Note that the further along you go in the process, the more tables you must use to find the data to properly insert. In addition there are lots of magic values and special calls to get default values.

The insert into the addr table is fairly simple, drawing data directly from the import.

Inserting the contact information in the cntct table is more complex. The cntct record requires an internal identifying value for the associated address which is directly not available. You have to grab the last-used sequence number for the addr table's addr_id column with the currval function.

The details about individual customers are stored in the custinfo table.

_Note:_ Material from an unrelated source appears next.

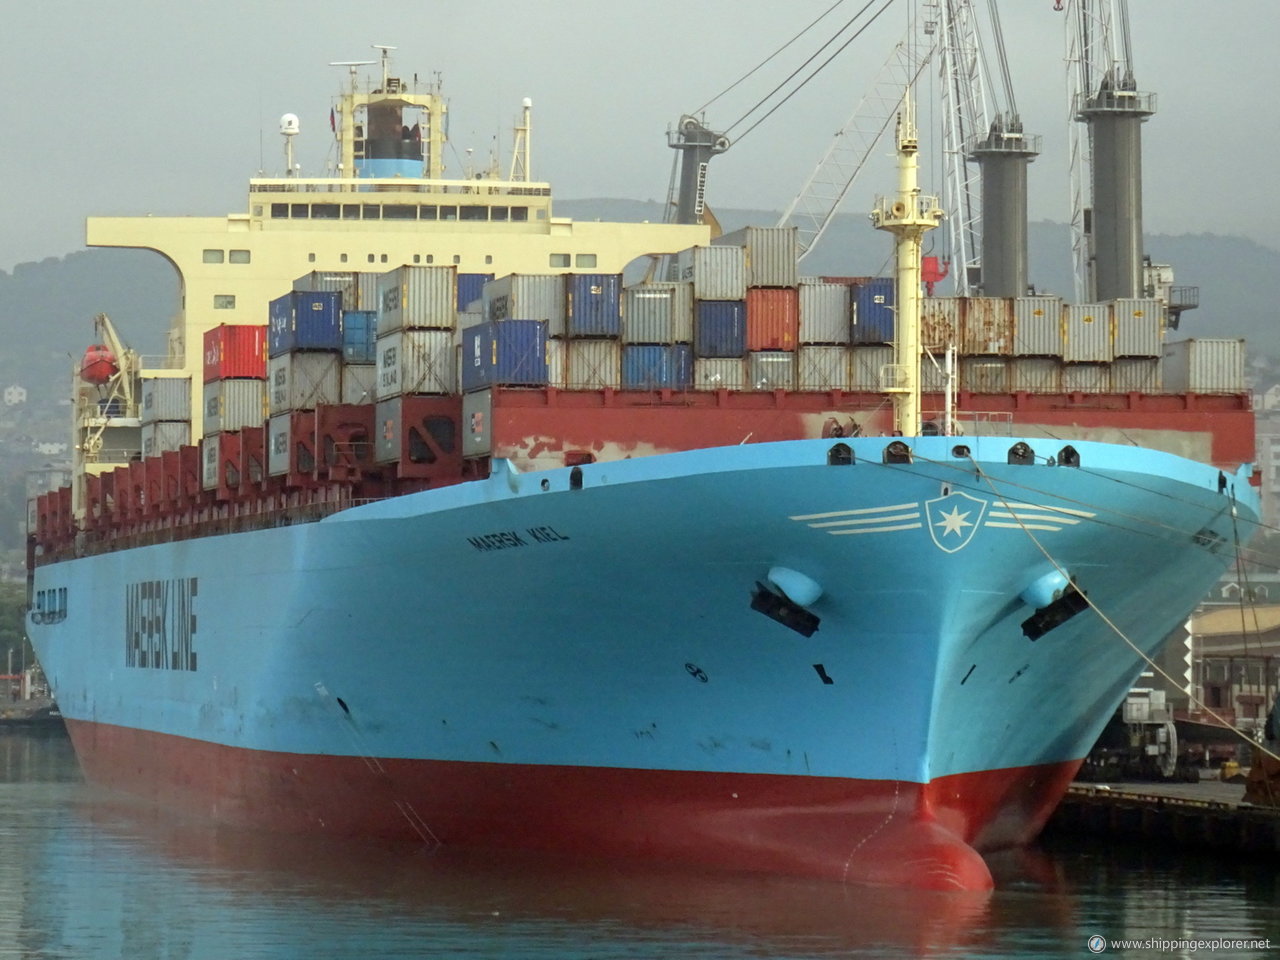 Maersk Kiel

Note the following:

  • A customer number was generated from the customer name by some unspecified means.

  • There is a large number of calls to the fetchMetricValue and fetchMetricBool functions.

  • The hard-coded false and true values for some other columns, G for the customer's current credit status and 1 for the cust_shipchrg_id.

  • You probably didn't notice that there is no commission inserted by this command even though there is a default sales representative chosen.

You have to increment the line number when creating the line items, as well as handling the unit of measure conversions and selecting the data from some odd mix of apparently unrelated tables.

As you go further down through the inserts into the sales order table, cohead, and the sales order line items, coitem, the processing gets more and more obscure, with the interesting data obscured by specifying default values and calls to stored procedures you might not know exist.

As the application grows more complex over time, with new features constantly added, you would have to update the program that converts the input, whichever form you selected to start with, to keep pace.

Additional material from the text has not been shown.